CELLINO SAN MARCO - Nuovi problemi per la Igeco Costruzioni Srl, la società di Campi Salentina che gestisce la raccolta dei rifiuti per conto del Comune di Cellino San Marco: giovedì scorso i militari della tenenza della guardia di finanza di San Pietro Vernotico, diretta dal luogotente Alfredo Proto, hanno posto sotto sequestro un'area adibita a deposito del vetro senza le dovute autorizzazioni.

Il terreno si trova nella zona Pip di Cellino San Marco. A giugno scorso le fiamme gialle sanpietrane sequestrarono un'area di 5mila metri quadrati, sita in via San Pietro, in uso alla Igeco destinata a diventare centro raccolta rifiuti, senza alcun permesso a costruire.
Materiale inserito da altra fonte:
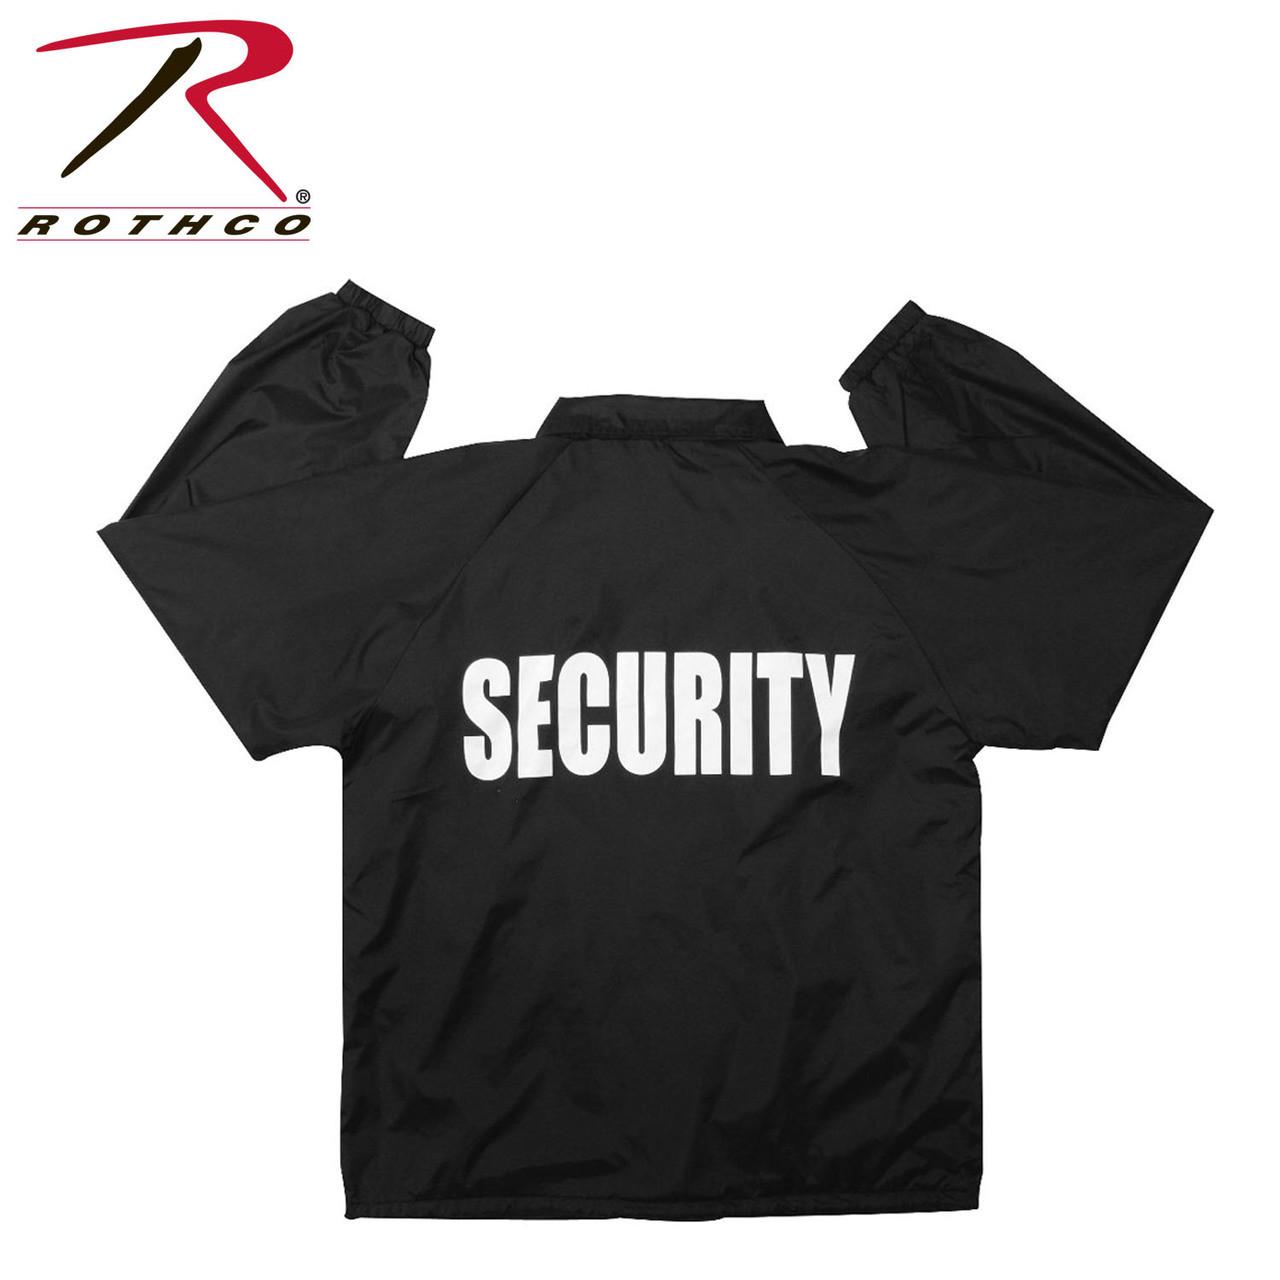 Security Uniform Windbreaker Jacket

Va ricordato che la Igeco Srl è subentrata alla Monteco l'8 aprile scorso. Come base logistica aveva affittato il locale di via San Pietro a Cellino San Marco che doveva essere destinato anche alla raccolta dei rifiuti ingombranti, diventando una "eco piazzola". Senza, però, autorizzazioni e per questo fu sequestrato.

In quell'occasione otto soggetti furono denunciati per abuso edilizio e lottizzazione abusiva: si tratta del dirigente dell'ufficio tecnico del comune di Cellino San Marco, del direttore dei lavori della società e dei due rappresentanti legali, oltre che dei quattro proprietari dell'area (quattro fratelli del posto).

Da quanto fu accertato, la ditta di esecuzione dei lavori possedeva un permesso a realizzare "opere edilizie minimali": poteva solo spianare il terreno. I finanzieri, invece, trovarono uffici, bagni, manufatti, e deposito vari.

Per tutti il permesso a costruire era completamente assente, idem per autorizzazioni sanitarie e altri certificati che doveva rilasciare l'ufficio tecnico del Comune. Qualche giorno fa undici dipendenti protestarono presso il cantiere di via Pio La Torre perchè non ricevevano lo stipendio.

Il 20 marzo scorso, infine, i finanzieri, durante un giro di perlustrazione nelle campagne alla periferia del paese, tese ad accertare la presenza di discariche abusive, esattamente alle spalle del deposito sequestrato, hanno trovato una nuova irregolarità: c'era un grosso container pieno di contenitori di vetro.

Dai controllo è emerso che l'accatastamento di quel materiale in quel terreno era irregolare per questo è scattato un nuovo provvedimento di sequestro. L'area ricade nella zona Pip di Cellino ed è quindi di proprietà del Comune.